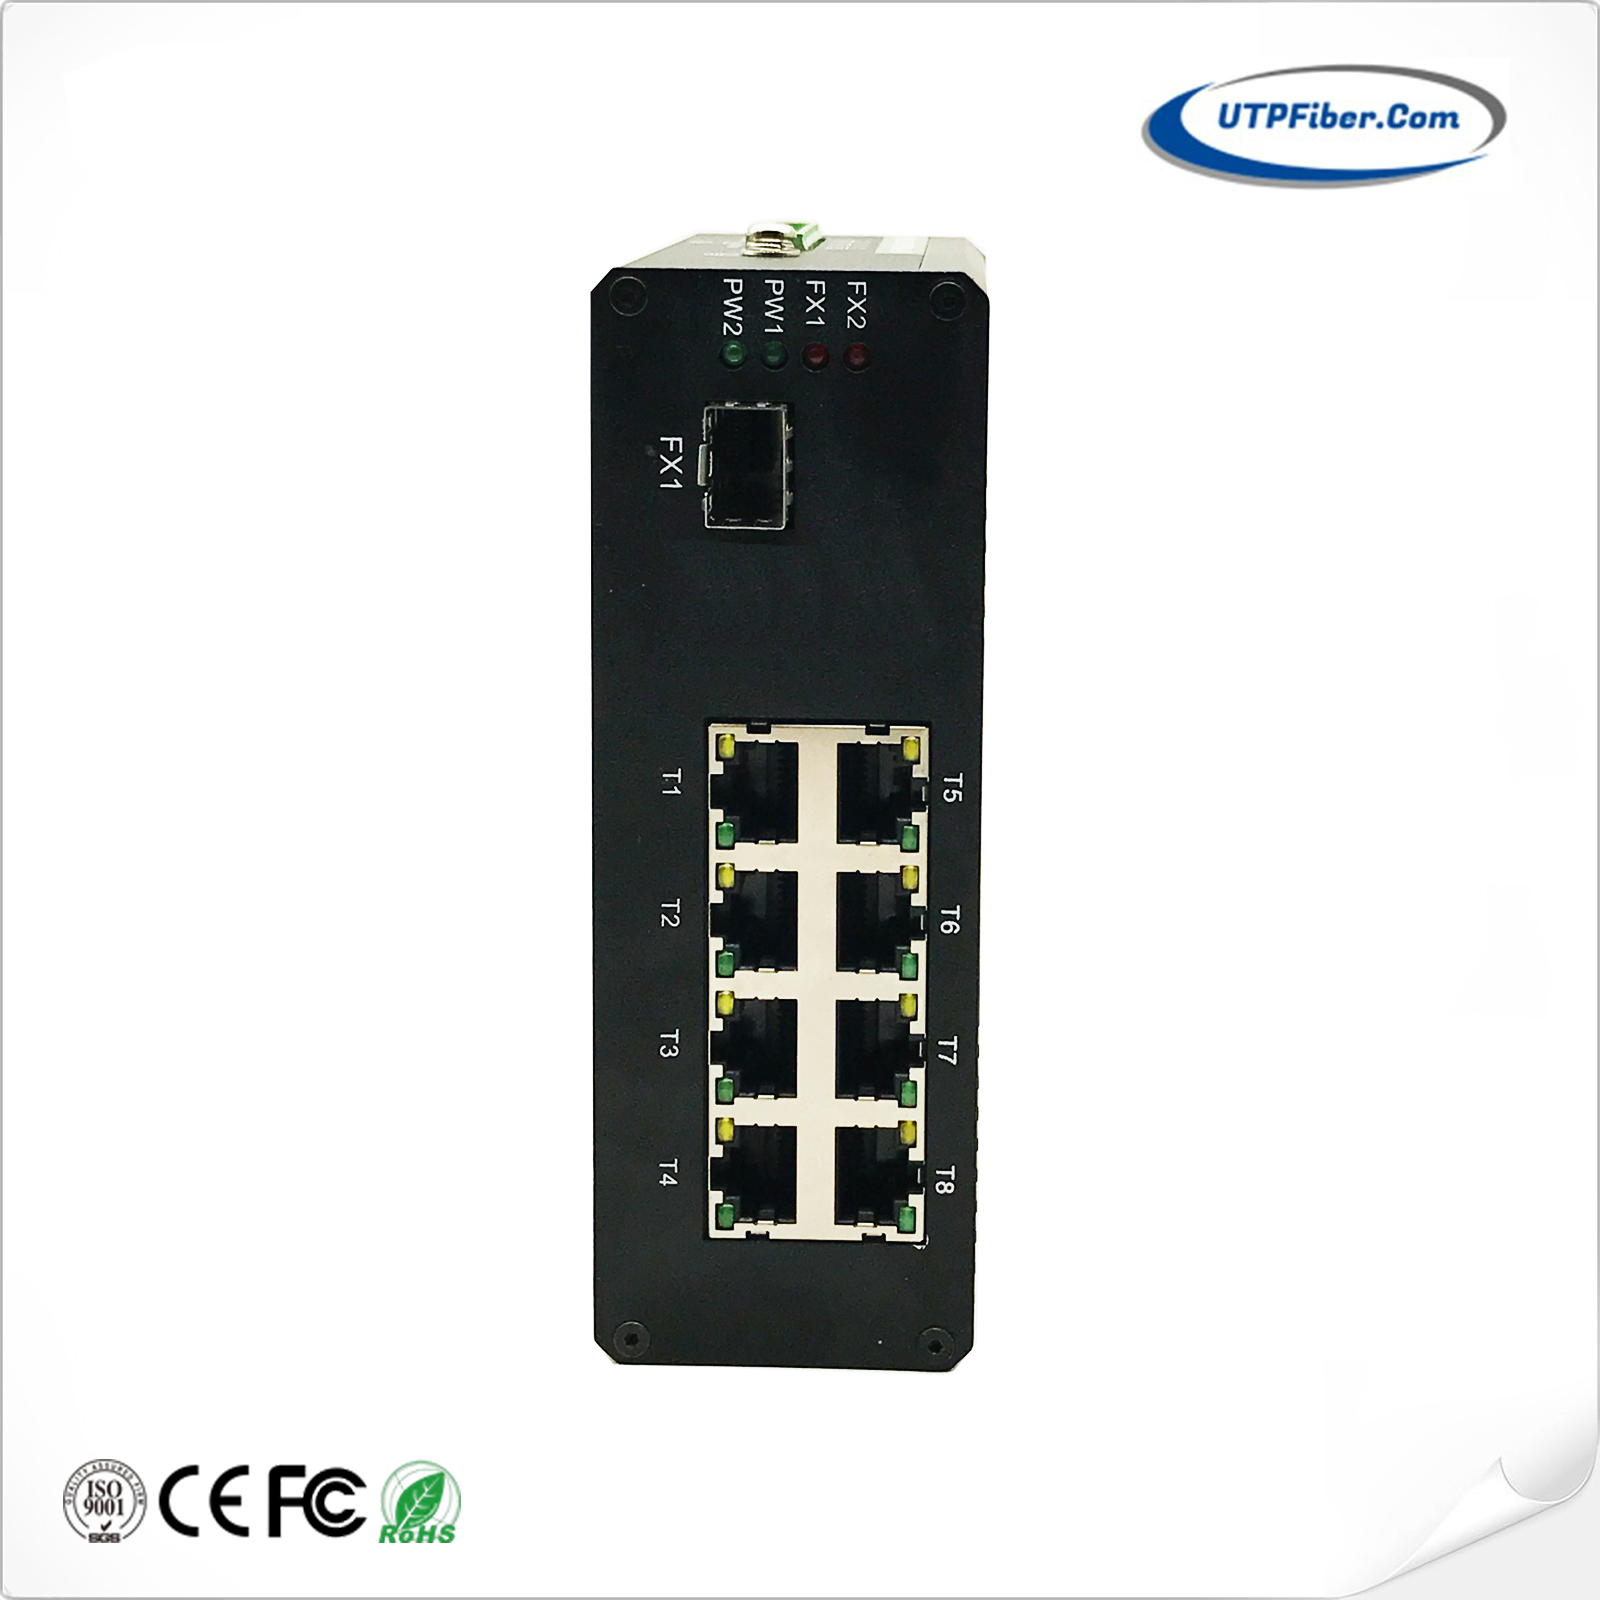 Unmanaged Industrial 8-Port 10/100/1000T 802.3at PoE + 1-Port 1000X Gigabit Ethernet Switch
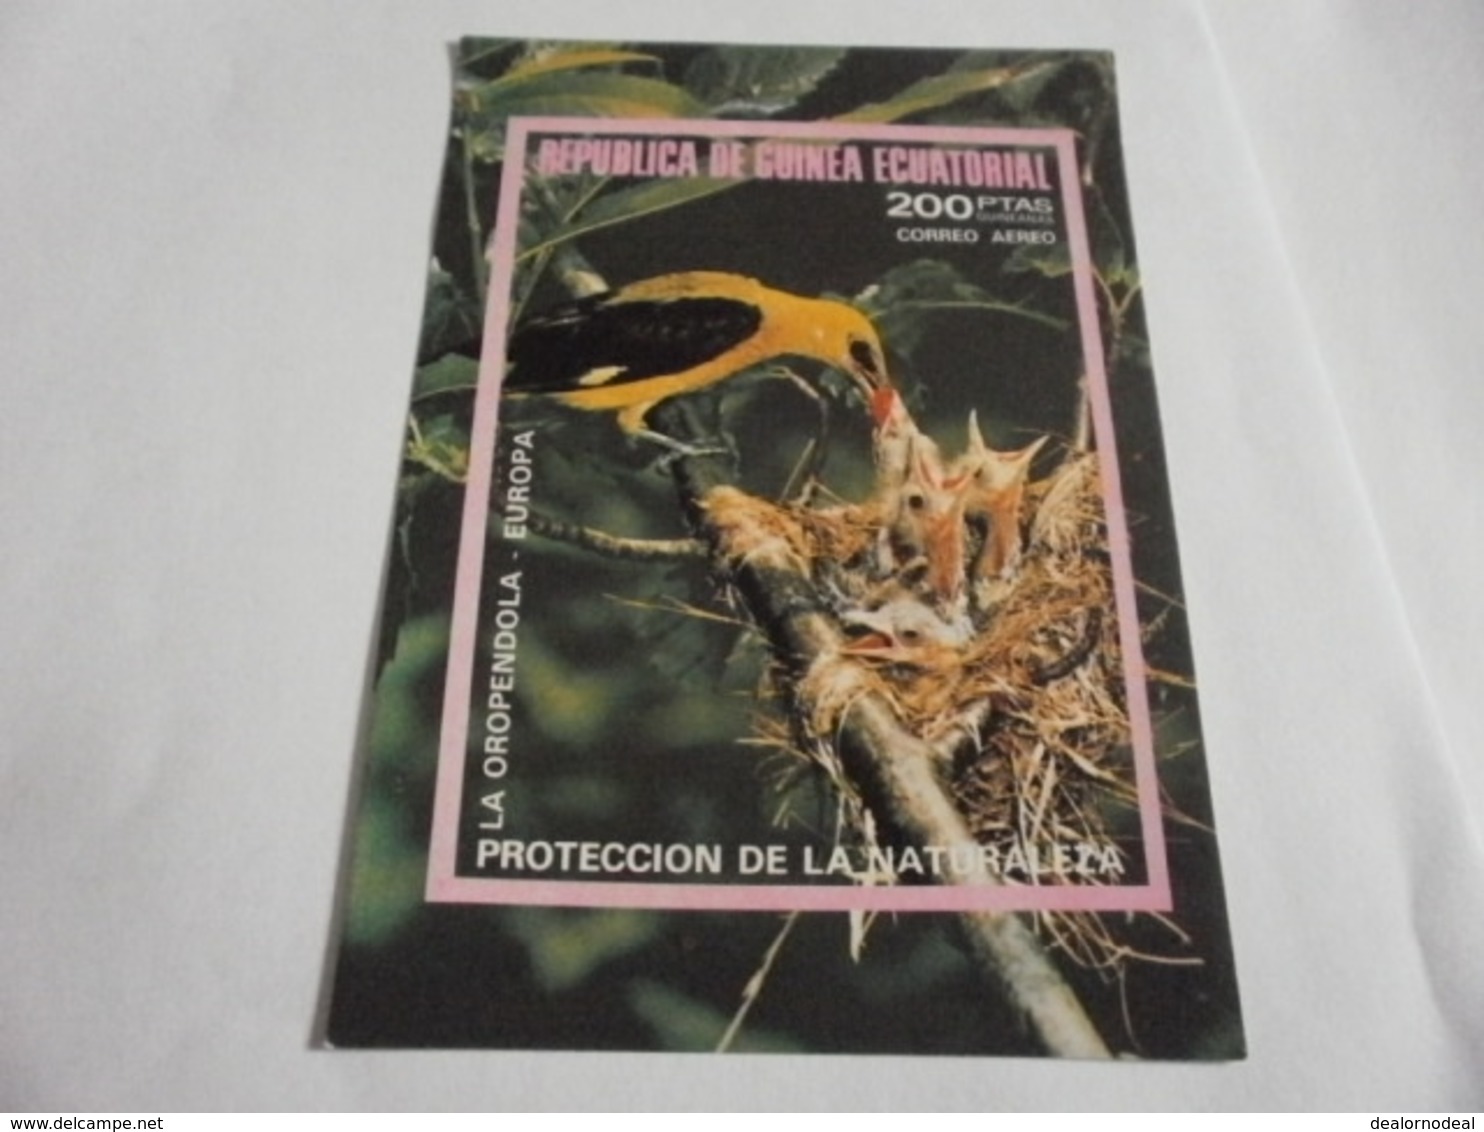 Miniature Sheet Imperf Birds Nature Protection - Guinea Ecuatorial
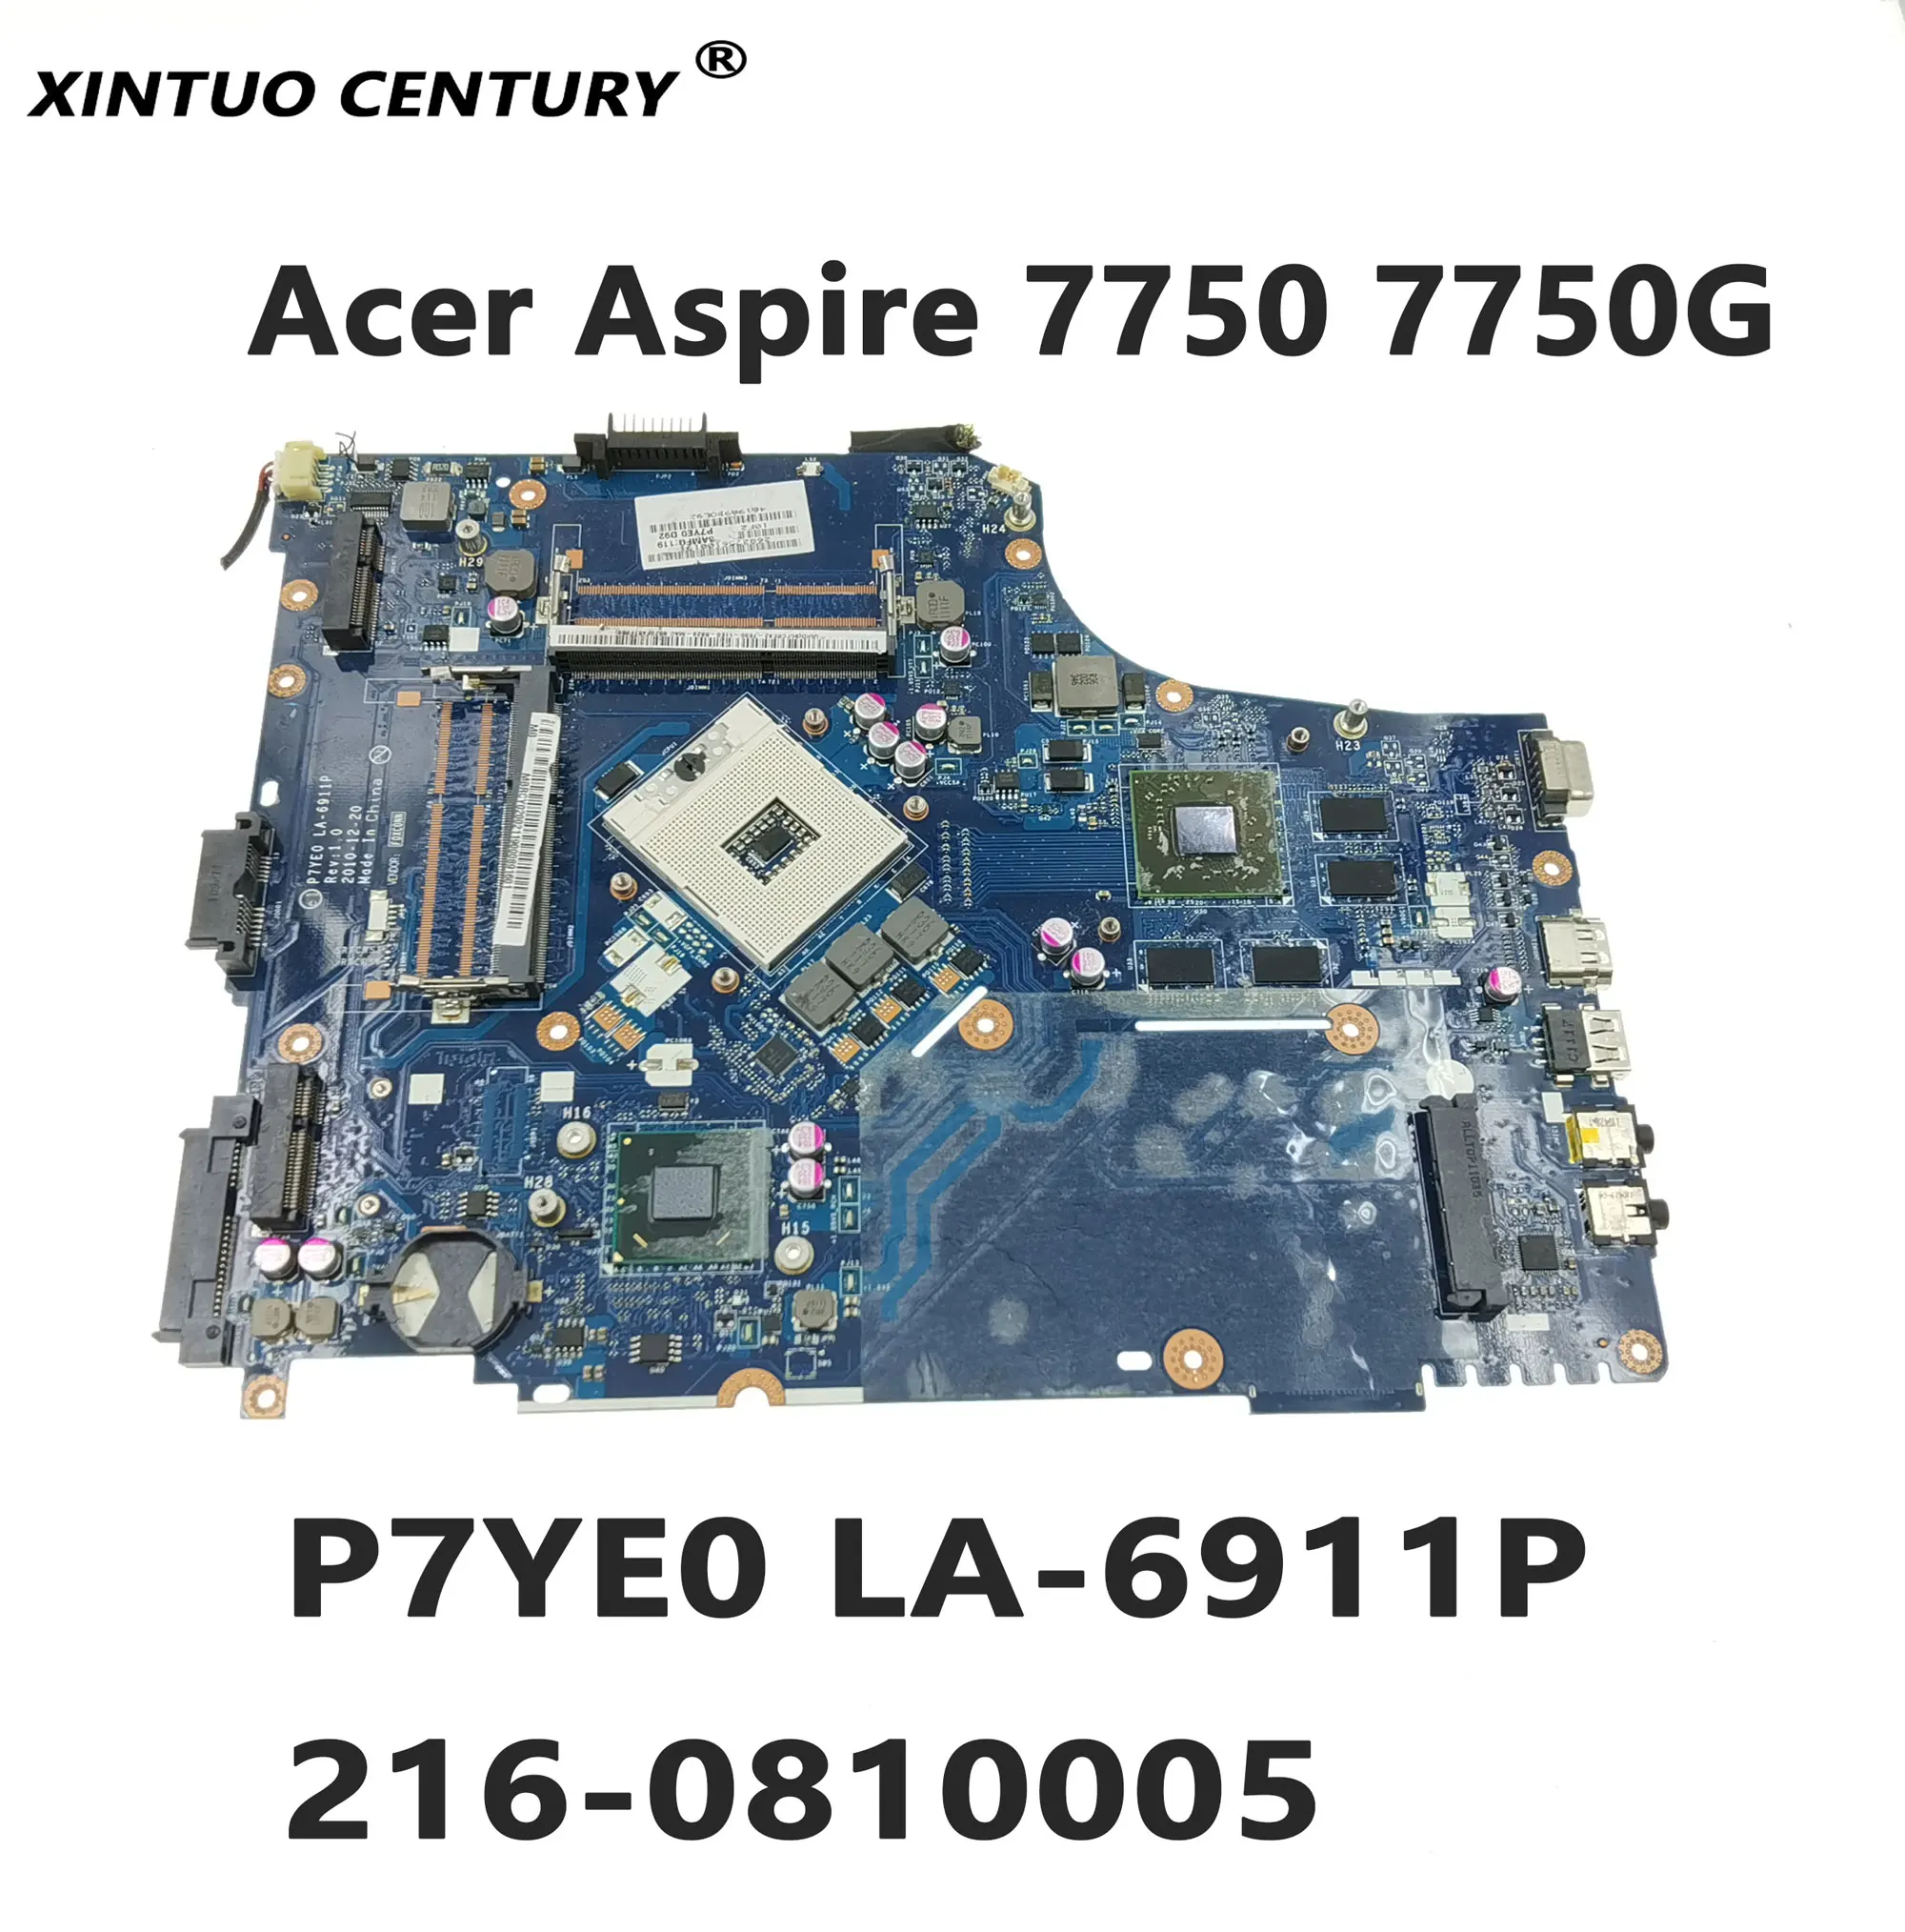 

Материнская плата MBRMK02001 MB.RMK02.001 для ноутбука Acer ASPIRE 7750 7750G материнская плата P7YE0 LA-6911P с тестом 216-0810005 DDR3 100%

--------------------

Task to carry out ::
All the data above is to be transcribed exactly, with no pictures included.

Solution below ::
 Unmanaged Industrial 8-Port 10/100/1000T 802.3at PoE + 1-Port 1000X Gigabit Ethernet Switch
 Miniature Sheet Imperf Birds Nature Protection - Guinea Ecuatorial

Материнская плата MBRMK02001 MB.RMK02.001 для ноутбука Acer ASPIRE 7750 7750G материнская плата P7YE0 LA-6911P с тестом 216-0810005 DDR3 100%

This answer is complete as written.